Chères sœurs venues du monde entier et rassemblées ici. Je suis si heureuse de vous voir.

Je vous adresse mes meilleurs vœux à l’occasion de la Journée internationale des Femmes et mes vœux vont aussi à mes sœurs en Iran et dans les prisons en Iran, et à mes sœurs à travers le monde, ainsi qu’au millier de femmes courageuses à Liberty et à Achraf. En tant que militante de la cause de l’égalité, je salue cette journée historique et la perspective glorieuse qu’elle ouvre, et je rends hommage à tous les combats et sacrifices des femmes.

En même temps, mon cœur est rempli de colère et de tristesse.
– Colère et tristesse du fait qu’un siècle après la mise en place de la Journée internationale des femmes, la violence, le viol, le meurtre, les brûlures à l’acide, la torture, la discrimination et l’exploitation pèsent toujours sur la destinée des femmes dans une grande partie du monde.
– Colère et tristesse face à l’inégalité et l’humiliation chronique qui même dans les sociétés les plus développées aujourd’hui harcèlent les femmes.
– Colère contre la dureté de ce plafond de verre qui empêche une multitude de femmes compétentes dans le monde, comme les femmes éminentes de ce panel, d’occuper des fonctions à la direction et à la présidence de leur pays.
– Colère et tristesse devant la complaisance des gouvernements occidentaux avec le fascisme religieux au pouvoir en Iran qui est le cœur de l’intégrisme et de la misogynie.

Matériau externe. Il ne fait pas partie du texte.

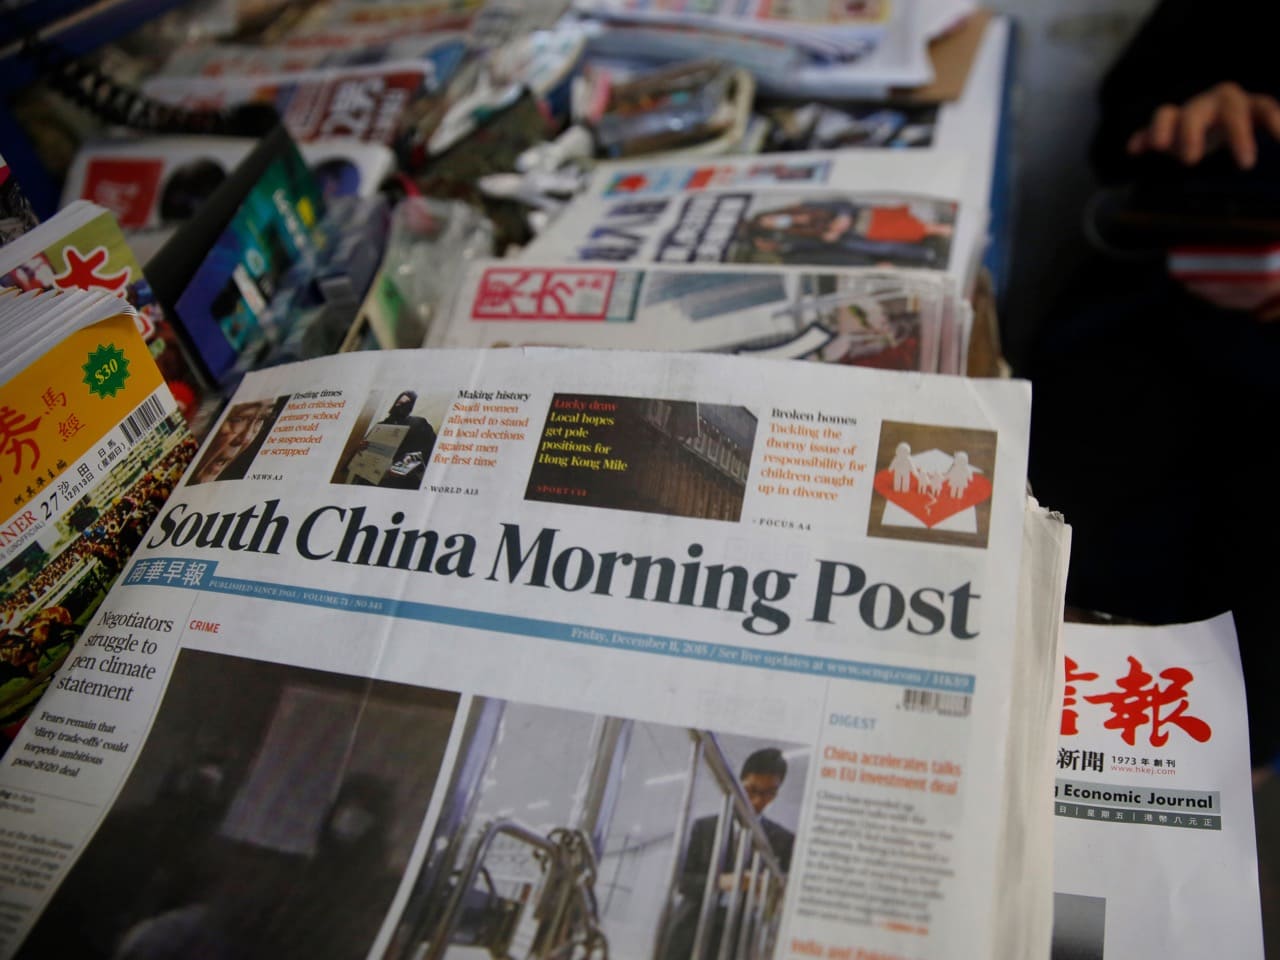 Copies of the "South China Morning Post" and other newspapers are sold at a news stand in Hong Kong, 11 December 2015, AP Photo/Kin Cheung

Malgré tout, si nous avons le droit à l’indignation et à la révolte, nous n’avons pas le droit de désespérer. Parce que ce monde instable et injuste doit changer, parce que la responsabilité du changement repose sur les épaules des femmes et parce que les femmes sont porteuses d’un message d’espoir. C’est avec ce message d’espoir que nous nous sommes dressées face à la dictature la plus misogyne, la plus répressive et la plus épouvantable du monde contemporain.

Et à présent j’appelle toutes mes sœurs à travers le monde à rejoindre un vaste front uni contre l’intégrisme pour y jouer leur rôle historique.

Chères amies,
Certaines d’entre vous ont sans doute entendu parler de la révolution interne des Moudjahidine du peuple, que je souhaite développer aujourd’hui. Il s’agit d’une révolte contre une dictature moyenâgeuse fondée sur la misogynie et l’exportation du terrorisme et de l’intégrisme. A une époque, Spartacus s’est révolté contre l’esclavage. A une époque, ici-même en France, le peuple s’est insurgé pour briser les chaines du féodalisme. Et aujourd’hui, nous nous soulevons contre l’intégrisme islamique, la plus grande menace à la paix et la démocratie dans le monde, une calamité qui frappe les peuples du Moyen-Orient et d’Afrique du nord et même les sociétés occidentales. Elle a concentré en elle tous les aspects de l’oppression et de la répression contre les femmes de la manière la plus extrême.

Chères amies,
Il y a 34 ans, quand la direction de la révolution antimonarchique du peuple iranien a été usurpée par Khomeiny et qu’il a installé une dictature religieuse, la géographie politique de la région s’est mise à changer rapidement. Avec une idéologie ultra réactionnaire, Khomeiny cherchait, en exportant l’intégrisme et le terrorisme au Moyen-Orient, un moyen de sortir son régime de l’impasse.

Dès le premier jour, notre mouvement a mis en garde contre la vision funeste de ce régime et s’y est opposé de toutes ses forces. Ce mouvement a été et reste, tant dans son programme politique que du point de vue culturel et idéologique, l’antithèse du régime des mollahs. Nous voulons une république fondée sur la séparation de la religion et de l’Etat. Croyant dans un islam démocratique et tolérant, nous avons dénoncé l’idéologie intégriste de ce régime et comment il abuse de l’islam et nous avons mis ses projets en échec.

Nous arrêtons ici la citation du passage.